The fund also invested undisclosed amounts into Databricks, a data storage company that has also been a longtime client of JPMorgan's investment bank to raise stock and borrow debt.

Dimon announced a separate initiative in March, the "American Dream Initiative," pledging to "expand opportunity to millions of Americans and future generations through targeted investments in local communities." The bank said it would increase investments in areas including housing, employment and healthcare.

It said the fund would start with launching a firmwide effort to support 10 million small businesses — up from seven million served currently — over the next several years, and expand its one-on-one coaching and technical assistance for owners. The bank didn't include financial specifics.

Combs, 55, the new manager of the $10 billion fund, had served on JPMorgan's board of directors, where Dimon is chairman, since 2016 before taking the fund job.

At Berkshire Hathaway he had been a possible successor to Warren Buffett, but the job ultimately went to Greg Abel. While at Berkshire, Combs helped launch Haven, a shuttered initiative started by Dimon, Bezos and Buffett as an effort to lower healthcare costs by collectively bargaining with insurers.

Haven shut down after a few years because its leaders felt that its transformative ambitions proved too difficult to achieve across the three companies, the Journal previously reported, though Dimon has kept some of those goals alive through Morgan Health, a follow-up healthcare venture.

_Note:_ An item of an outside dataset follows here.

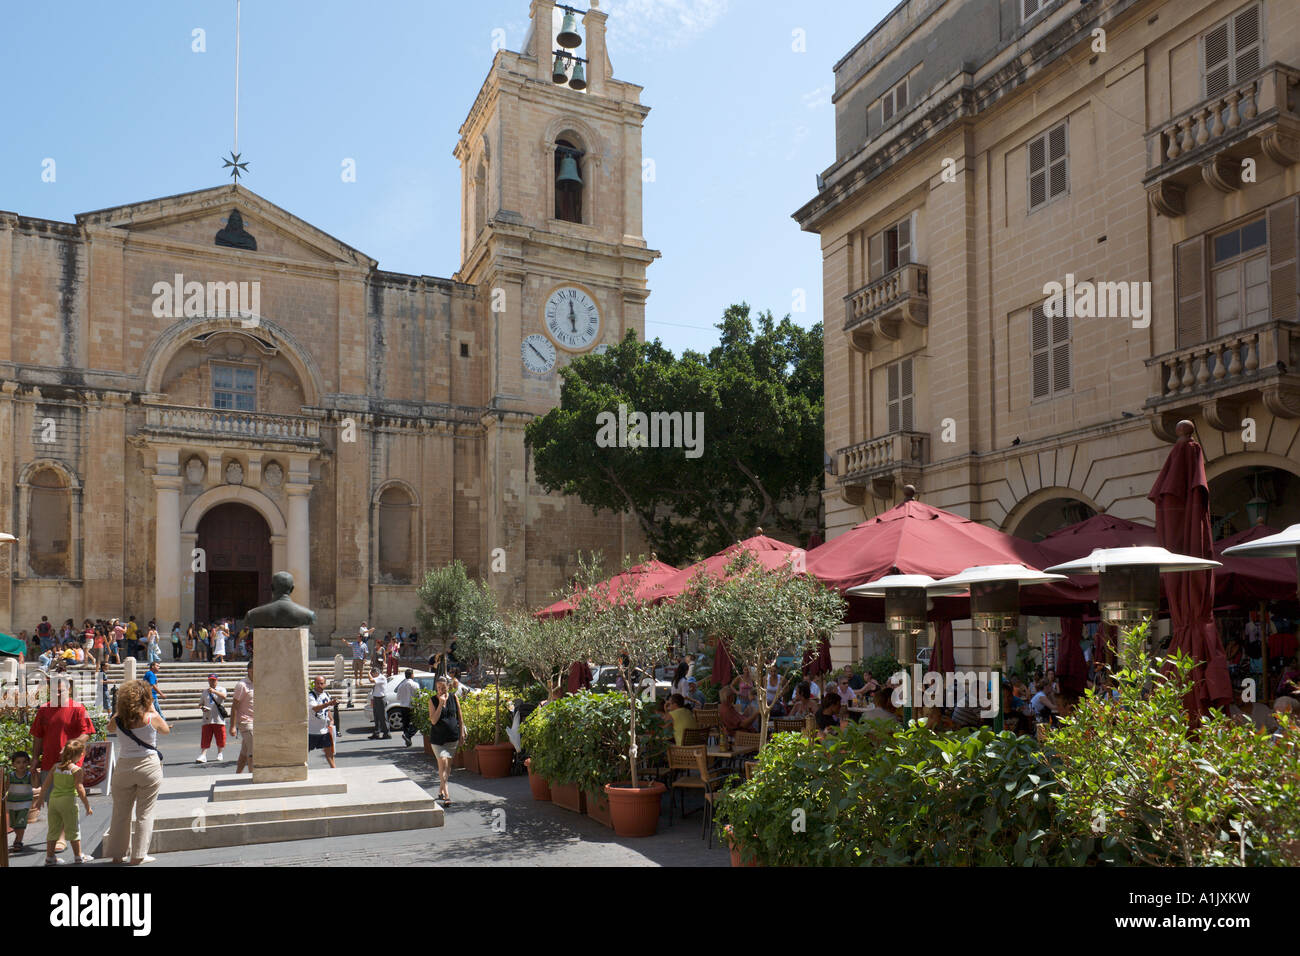 El restaurante y la Catedral de St John's Co, St John's Square, Valletta, Malta Foto de stock

When he was hired, Combs was named a strategic adviser to Dimon. He had advised Dimon directly on succession while he was on the board, and he had even had his name tossed around by some current and former executives as a possible candidate. People close to him say he doesn't want to become the bank's CEO.

Dimon has kept investors anxious about succession planning for years. The bank announced two new co-presidents last week, Petno and Troy Rohrbaugh, putting them in the lead as candidates to succeed Dimon.

The executives were also named CEOs of the bank's two biggest businesses and received $30 million retention bonuses to stay around. Petno's work on the national-security initiative includes giving updates to the bank's board of directors and liaising with government officials.